=== Begin Enclosure ===

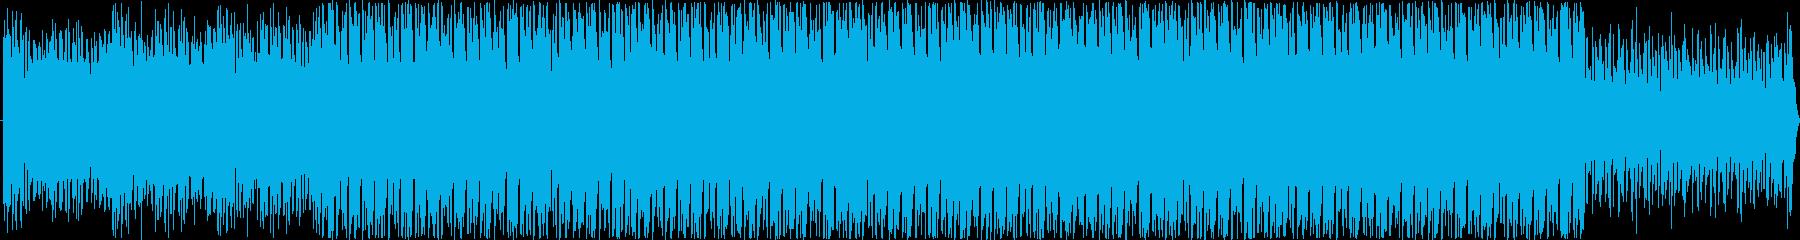 ワクワクする明るくリズミカルなBGMの再生済みの波形
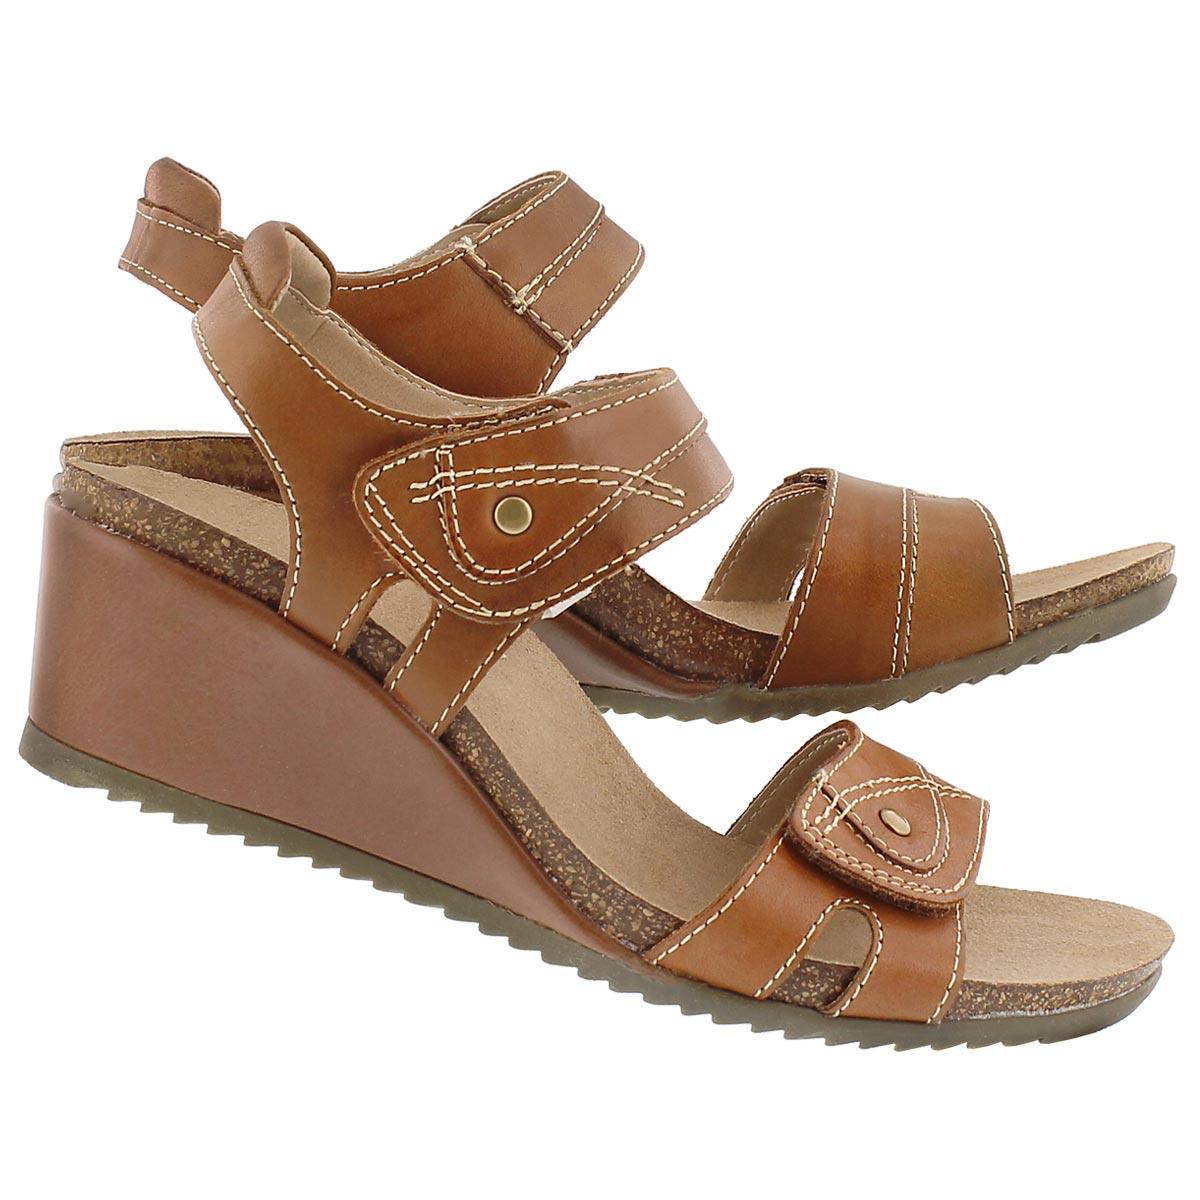 Sandale comp brun KEIRA, fem
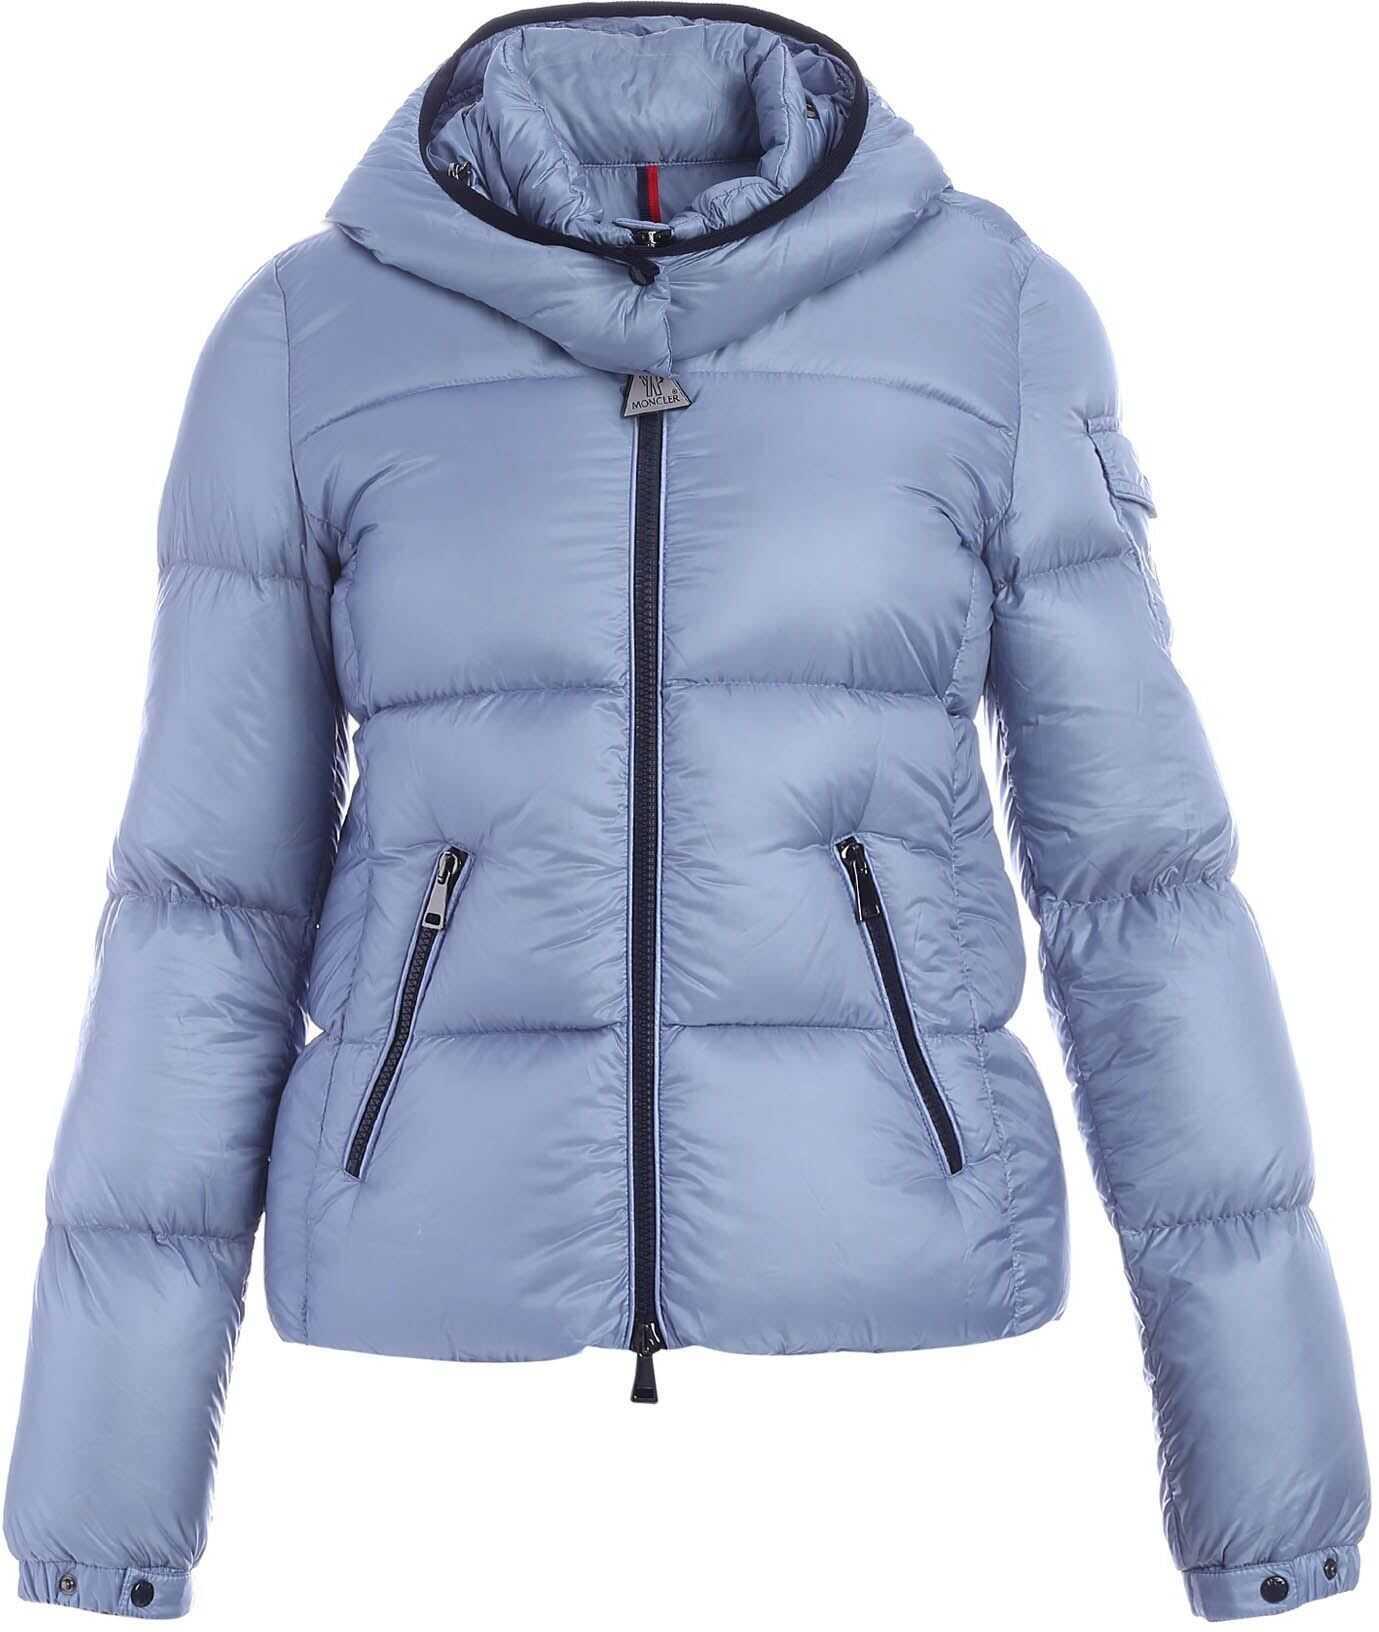 Moncler Fourmi Down Jacket In Pale Blue Color Light Blue

=== End Enclosure ===

Without the pictures, retype all of the data above exactly.

 ワクワクする明るくリズミカルなBGMの再生済みの波形
 Sandale comp brun KEIRA, fem
 Moncler Fourmi Down Jacket In Pale Blue Color Light Blue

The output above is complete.